> **What is needed**: Write out the listing exactly, dropping any picture it contains.

> **Provided material**:
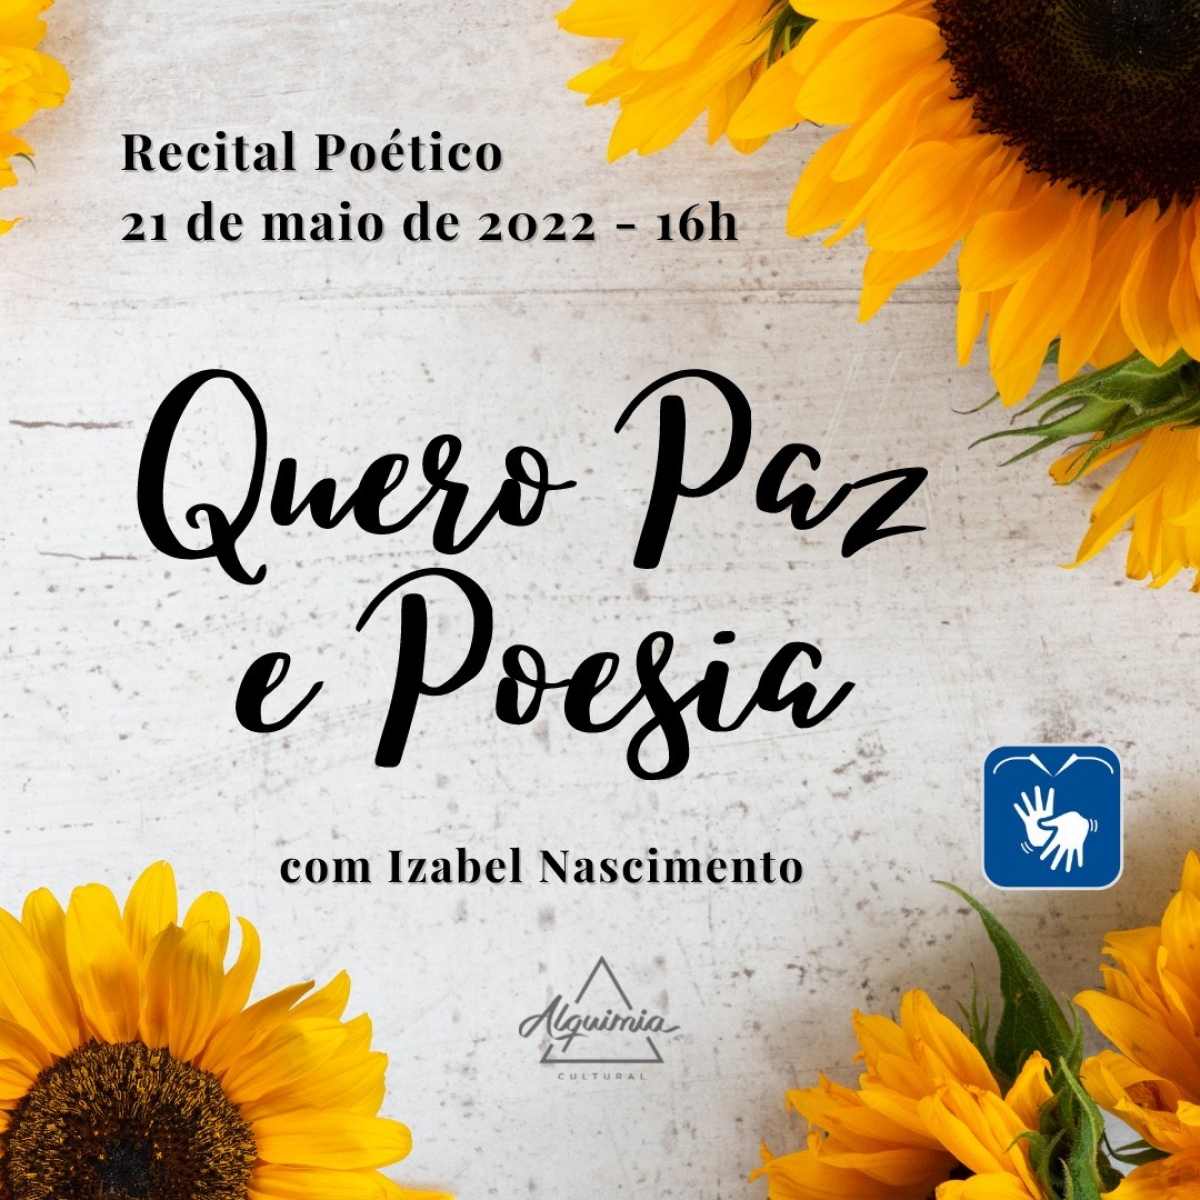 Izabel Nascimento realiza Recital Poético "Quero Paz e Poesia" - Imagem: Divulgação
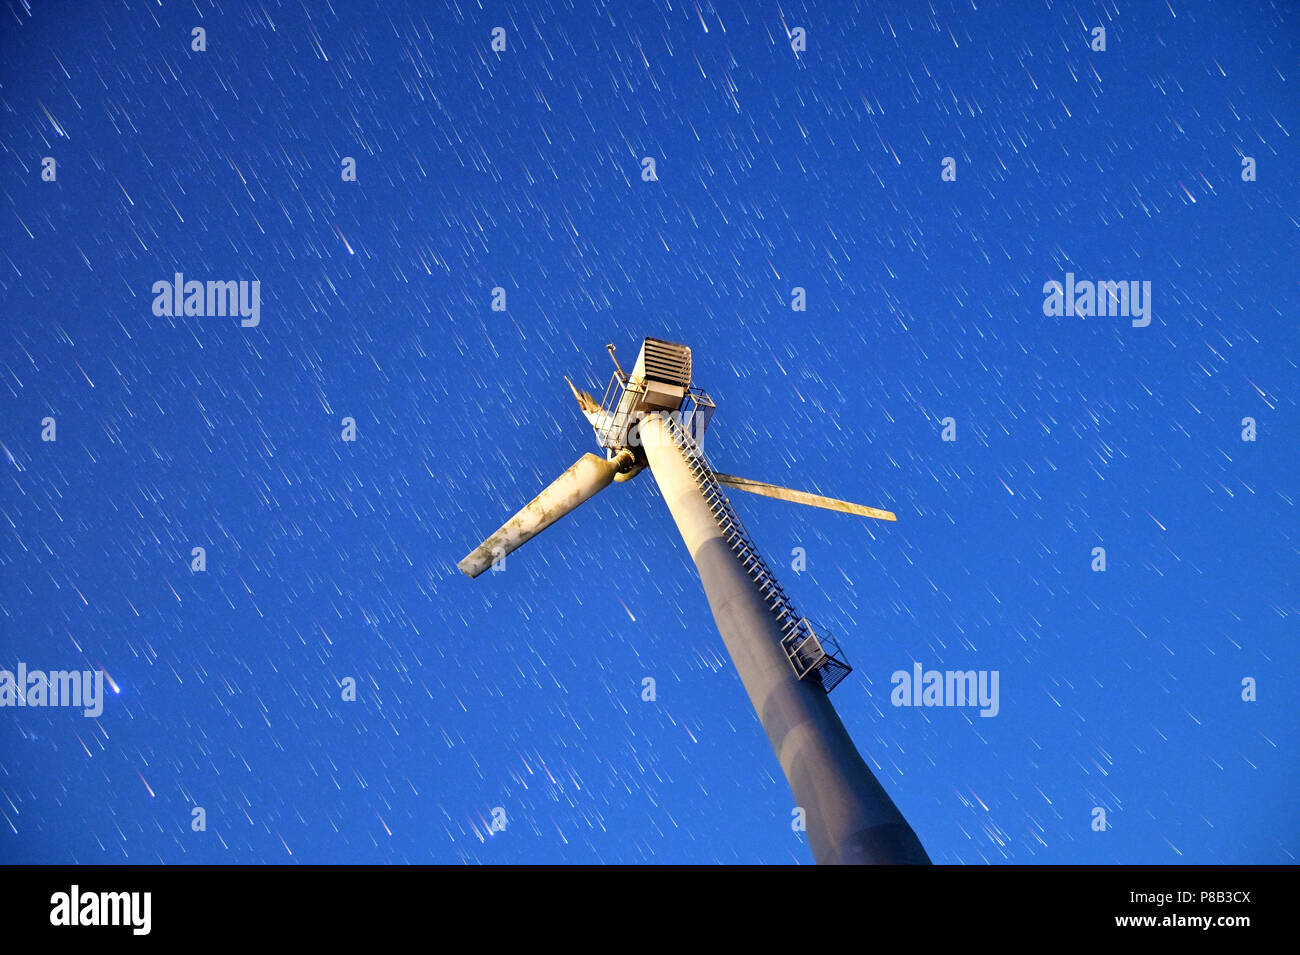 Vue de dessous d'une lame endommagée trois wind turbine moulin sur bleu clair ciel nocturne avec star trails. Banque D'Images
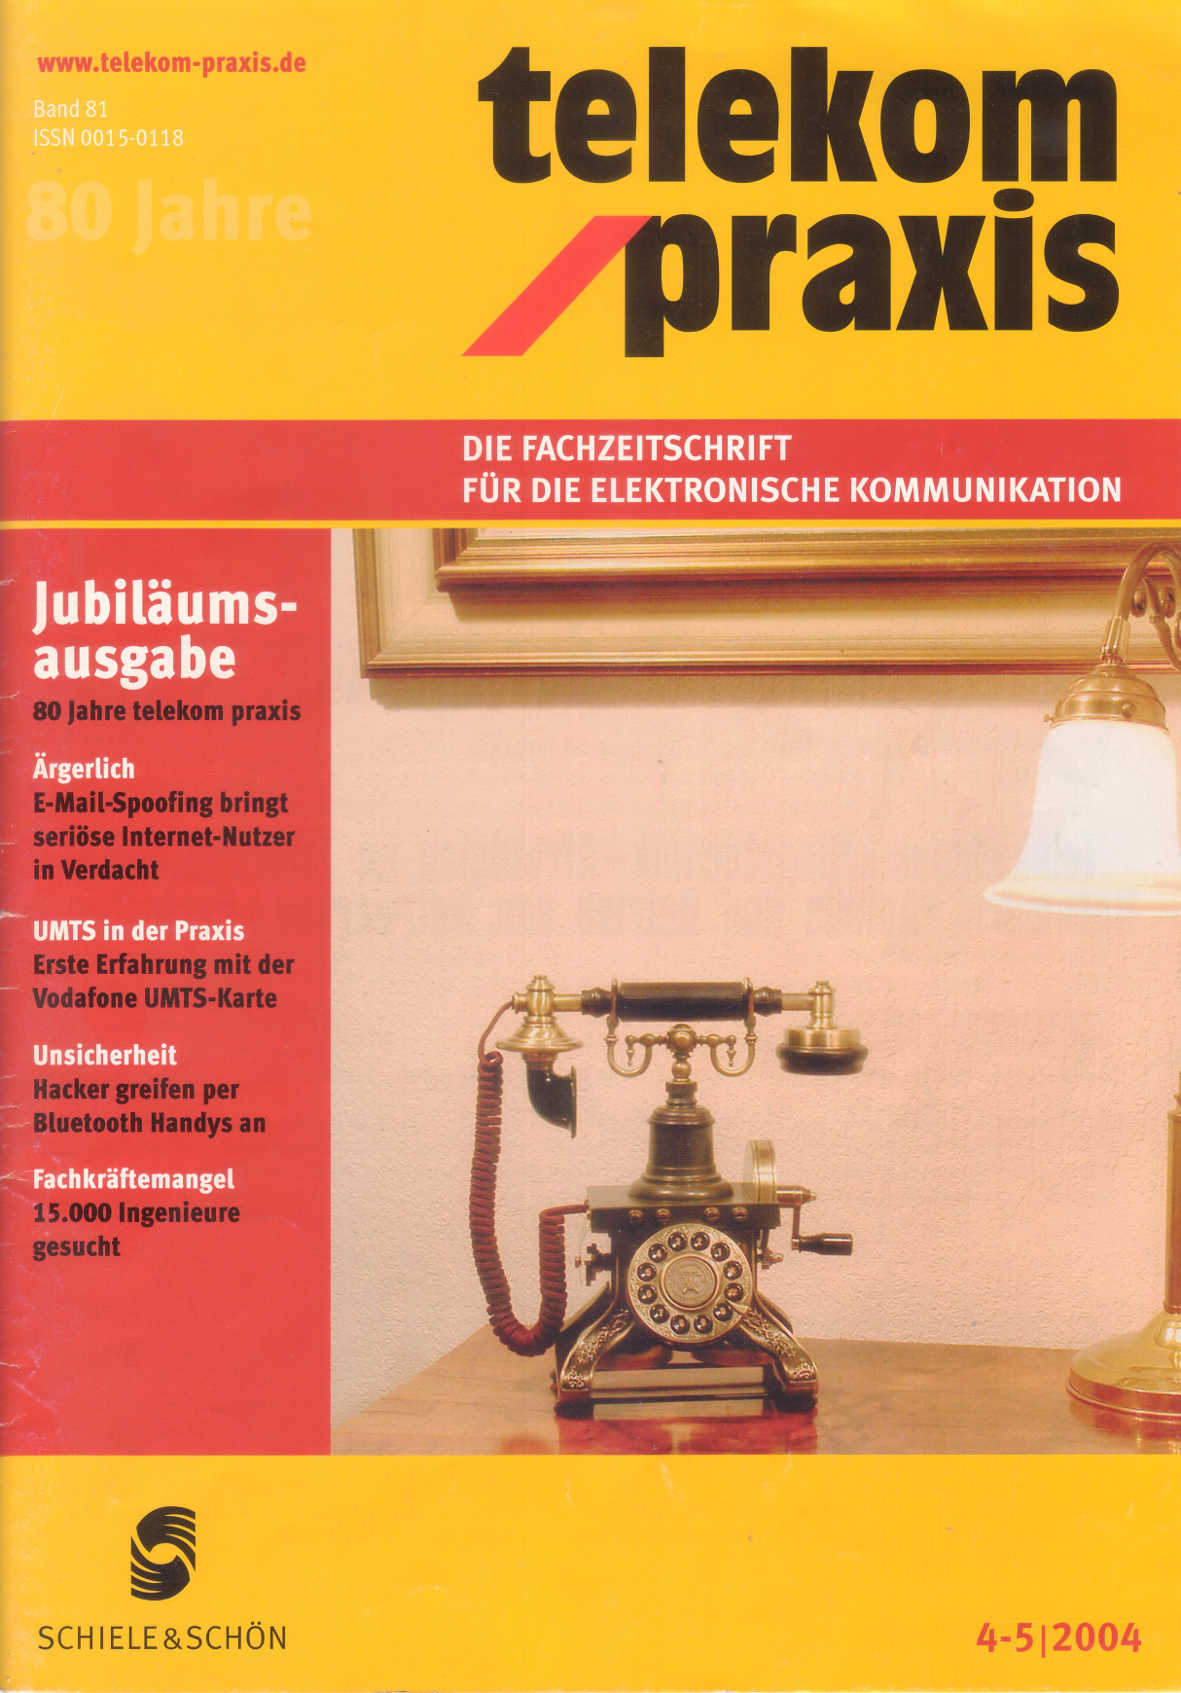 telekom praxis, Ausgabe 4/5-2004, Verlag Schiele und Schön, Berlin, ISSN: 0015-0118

> **Your solution**:
 Izabel Nascimento realiza Recital Poético "Quero Paz e Poesia" - Imagem: Divulgação
 Vue de dessous d'une lame endommagée trois wind turbine moulin sur bleu clair ciel nocturne avec star trails. Banque D'Images
 telekom praxis, Ausgabe 4/5-2004, Verlag Schiele und Schön, Berlin, ISSN: 0015-0118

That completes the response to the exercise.